Right? What monitor is likely to be up by more than 20% and monitor up by, you know, by double digit in mid teens. Right? So so, however, although the monitor notebook are so strong, TV, you know, were were caused the whole whole segment of last display drive last panel display driver to be down high single digit. So indeed, that is primarily TV.
Although, as I said, we just have to adapt, you know, actually, just earlier today. In fact, you know, one of our major customers in China, which previously announced to us, the suppliers, that in q three, they are they they are planning to cut back their TV production. And now they say they are changing their mind, and they've actually got orders for further TV outputs. So they say q three TV is likely to be at a level similar to q two and so on. So as I said earlier, when, you know, answering Tristan's questions, I said the market is evolving, and it appears to be looking more positive now than even a month ago or even two weeks ago.
But I think overall, still, is a sector that is that is likely to be to suffer from some decline this year.
Speaker 6
Okay. Thank you. And then a second question on the WLO. I think you mentioned that your your customers are facility under shutdown. Can you give us a little bit more color on that, you know, which regional country and and when do you expect that, you know, that shutdown or the factory to restart?
Speaker 5
I can only tell you that the the country is not China. It is the module factory that we are instructed to ship our optics into. Right? And it has been that way since day one of our production. And, unfortunately, actually, towards the end of q three, that country started to impose a very strict incoming flights restrictions.

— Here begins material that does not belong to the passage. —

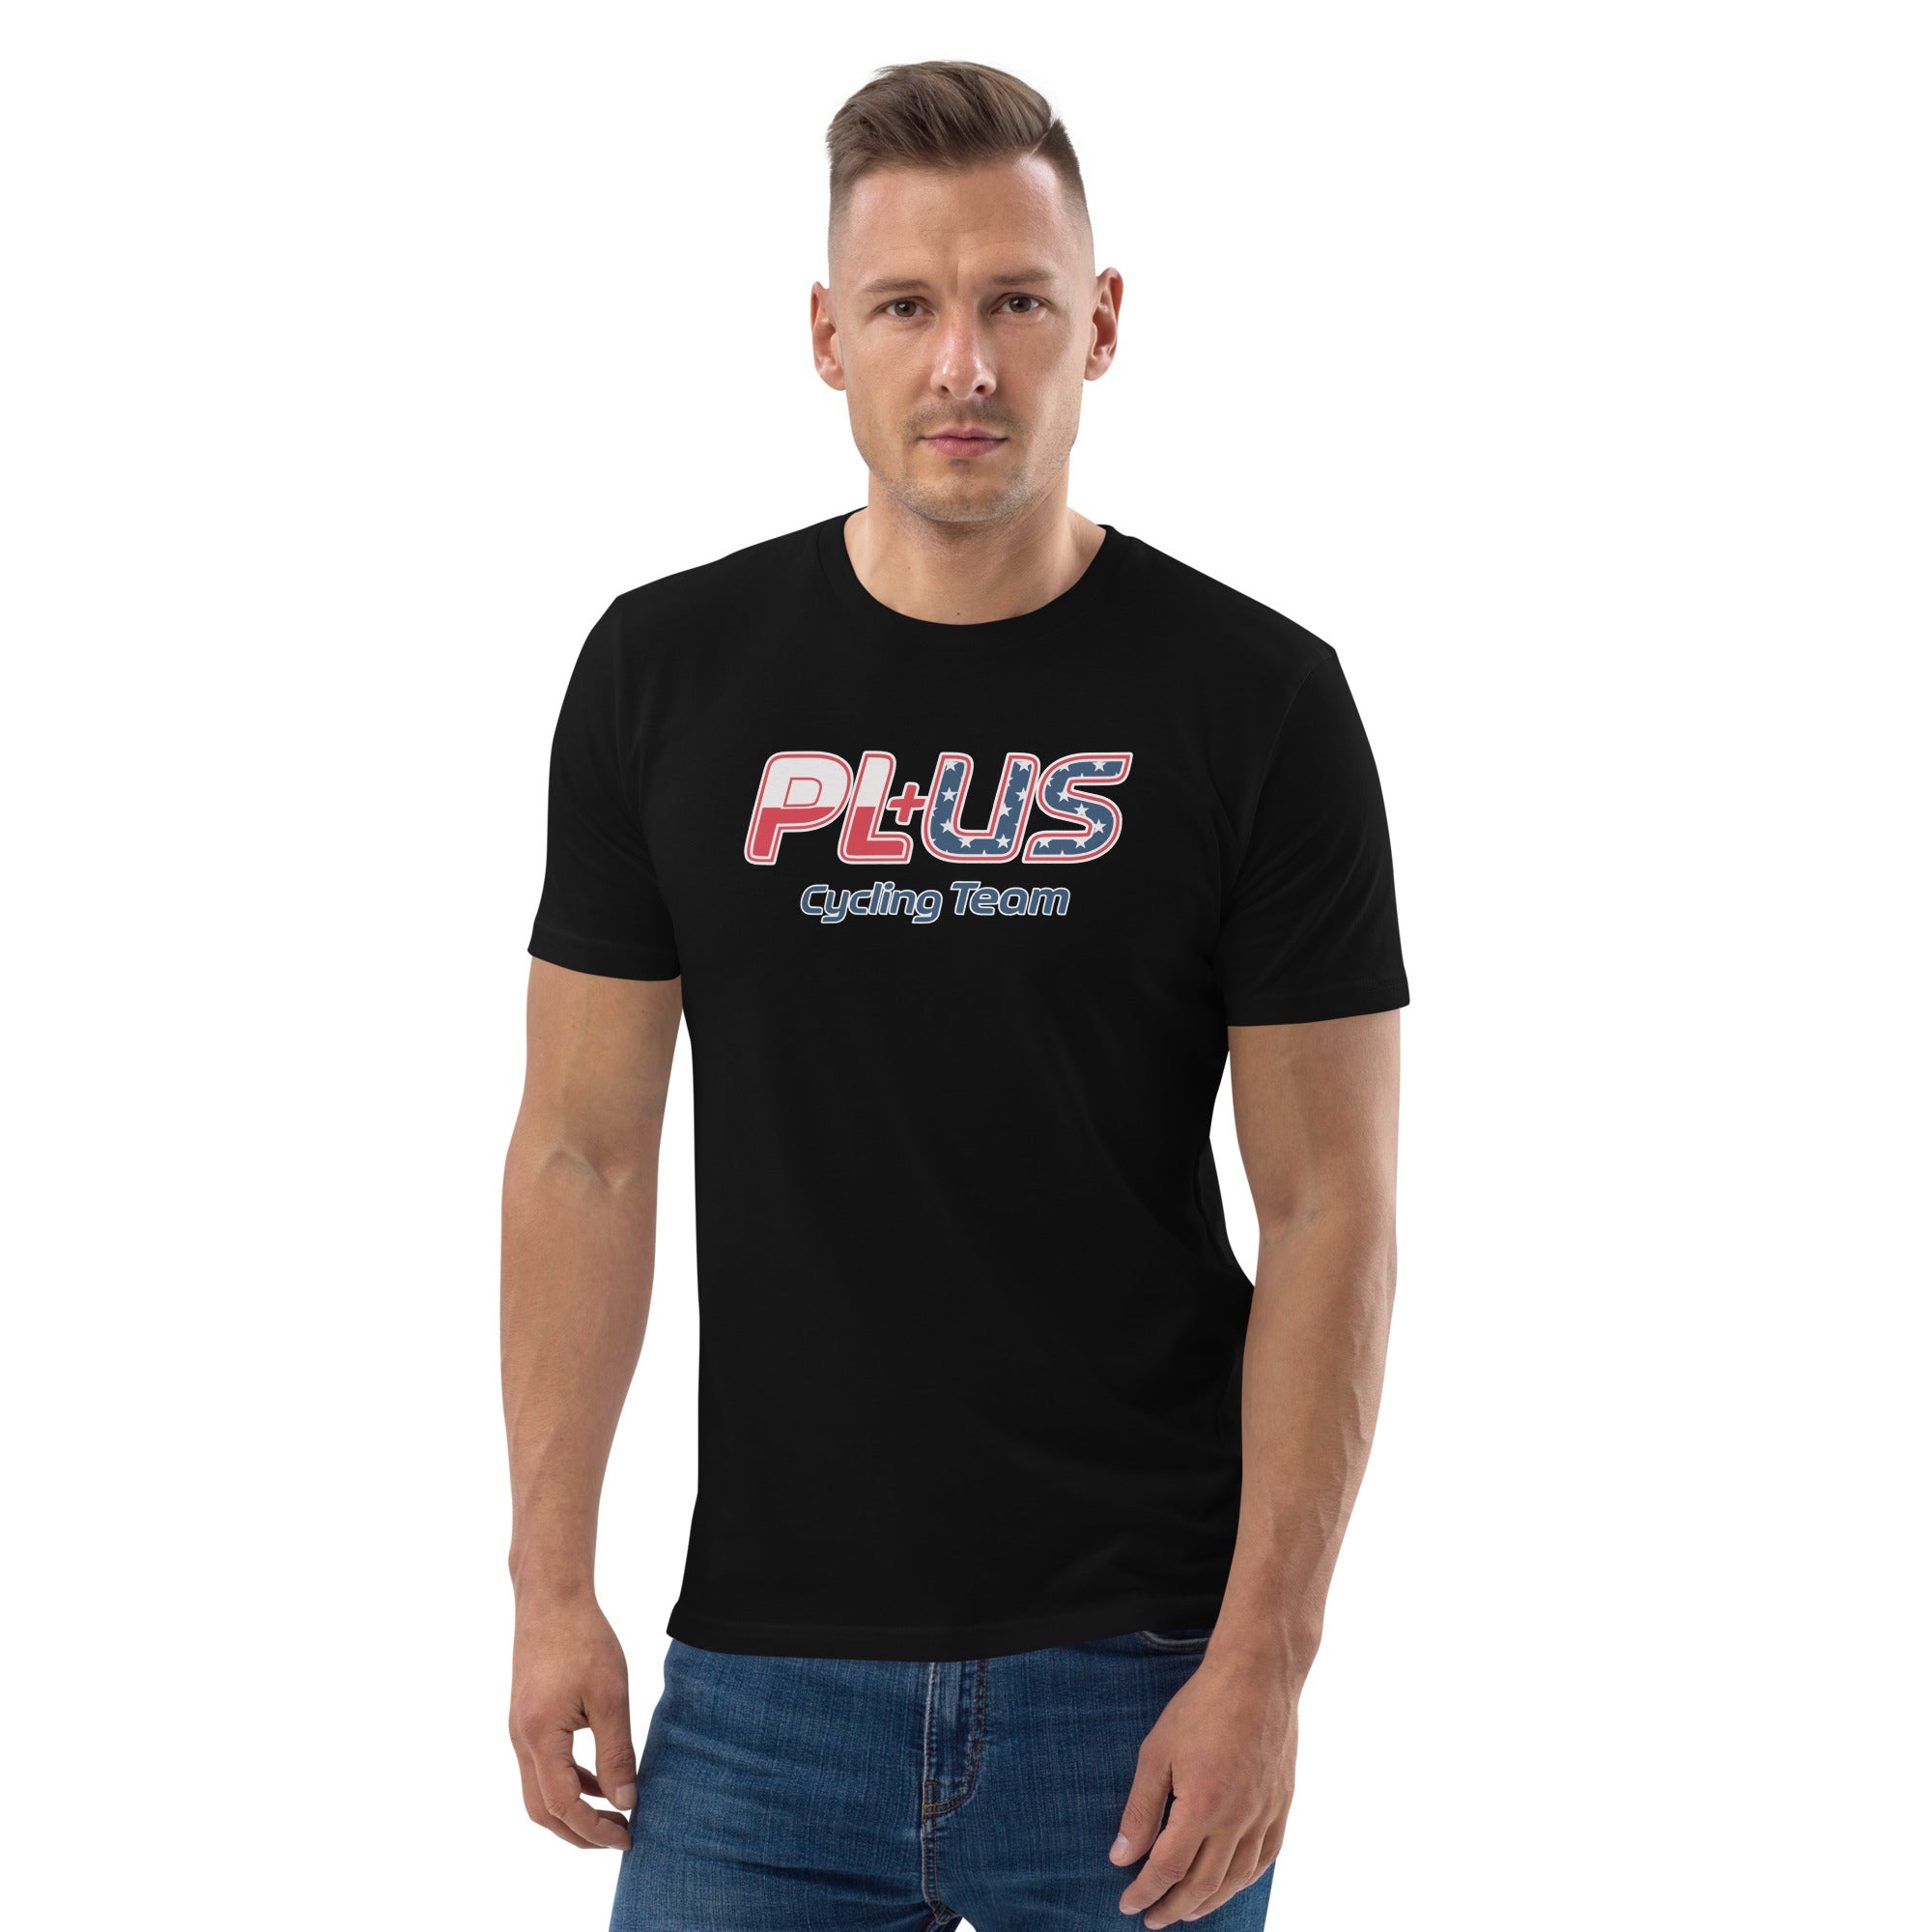 PLUS Cycling Team cotton t-shirt

So we we actually together with our customers, we rush our our shipment towards the end of q three and early q end of q one and early q two. And thereafter, somewhere in April, that redact the entire region where the factory is located was completely shut down. So there's actually no no workers in the factory. There's not even people to receive our goods, and therefore, nobody can ship anything. And, I mean, that that kind of disruption, honestly, in our entire portfolio of shipments and operation was very rare, but it did happen.
Right? So I I would say in q one for WLO, we probably overshipped, and that that probably represent some cushion of some buffer of good inventory for the customers to use for their q two and q q '2 production, I would say. So and and q two, because of this unfortunate incident, double shipping is likely to be rather dramatically reduced from q one. And honestly, there's nothing we could do about.
Speaker 6
Okay. Got it. Thank you.
Speaker 5
Thank you, Jerry.
Speaker 0
Thank you. I'm showing no further questions at this time. I would like to turn it back over to the presenters for closing remarks.
Speaker 5
As a final note, Jackie Chan, our CFO, will maintain investor marketing activities and continue to attend investor conferences. We'll announce the details as they come about. Thank you, and have a nice day.
Speaker 0
Ladies and gentlemen, this concludes today's conference call. Thank you for participating, and have a wonderful day.